Hello Kris,

Since nobody has answered this, I'll take a crack at it.

For your first question, btcwallet requires a btcd chain server to be
running somewhere.  It doesn't have to be on the same machine as your
wallet, but you still need it running somewhere as wallet needs to ask
it chain-related questions.  So, the short answer is you can't get away
without having a copy of the block chain at the moment using btcwallet.

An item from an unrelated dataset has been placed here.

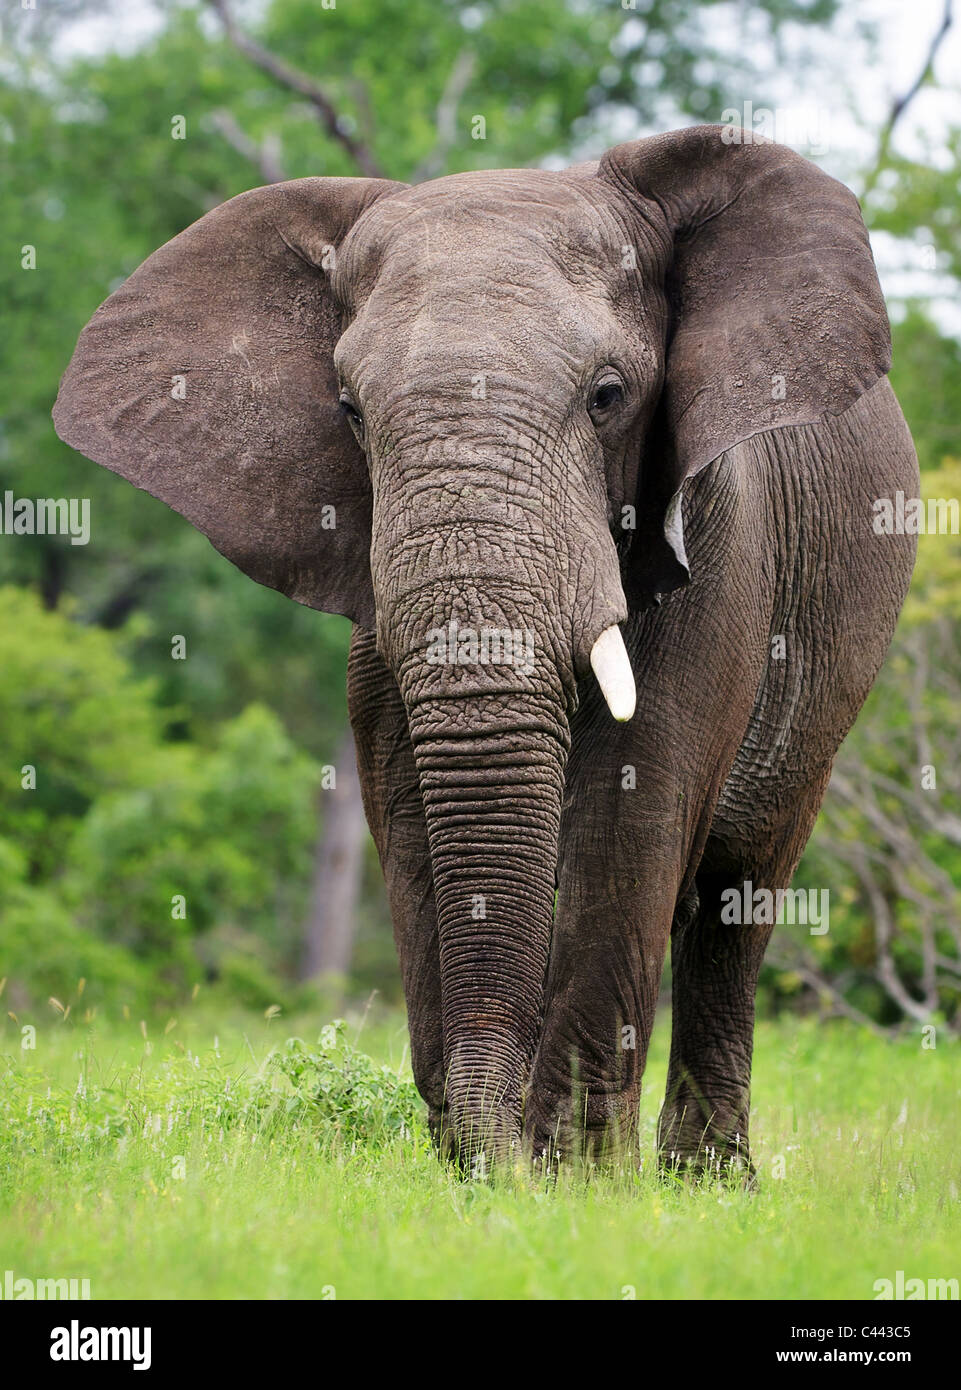 Elefante africano caminando sobre el pasto verde - Parque Nacional Kruger - Sudáfrica Foto de stock

The only way you can currently get away without having a copy of the
block chain is by using an SPV wallet (btcwallet is NOT an SPV wallet).
 In that case you don't run any full verification software (such as btcd
or bitcoind).  In exchange for not running a full node, you give up some
security in that you have to trust the portion of the network you are
connected to has honest nodes.

For your second question, if you connect with btcwallet (or btcd
depending on your application's particular needs) via websockets, the
performance is much higher than bitcoind because you don't have all of
the overhead of constantly creating and tearing HTTP connections for
every request.  With the websocket interface, you create one connection
and the stream of information simply flows asynchronously over the open
connection.  The websocket interface also provides notifications of
various events such as balance changes so you don't have to poll for it
like you do with bitcoind.

With that out of the way, btcd is extremely stable while btcwallet is
still under pretty heavy development.  Due to that, we have not yet
stress tested btcwallet to find the limits.  I have personally tested a
few hundred clients against btcd and it handled it with no issues where
the same stress test failed against bitcoind (issues with too many
connections, responses outside of a timely window, etc).  Given that
data point, my guess is btcwallet will also handle things over
websockets quite well, but as I said previously, we have not tested that.

On 5/5/2014 11:30 AM, kris wrote:
> Hello, i was considering switching to btcd and wallet instead of
> bitcoind for convenience and perhaps not having to host the blockchain.
> Is this possible atm?
> 
> I need to communicate with the service using php too, and it has to be
> able to be stable with thousands of customers. How is the performance vs
> bitcoind and is it feasible to use in such a project now?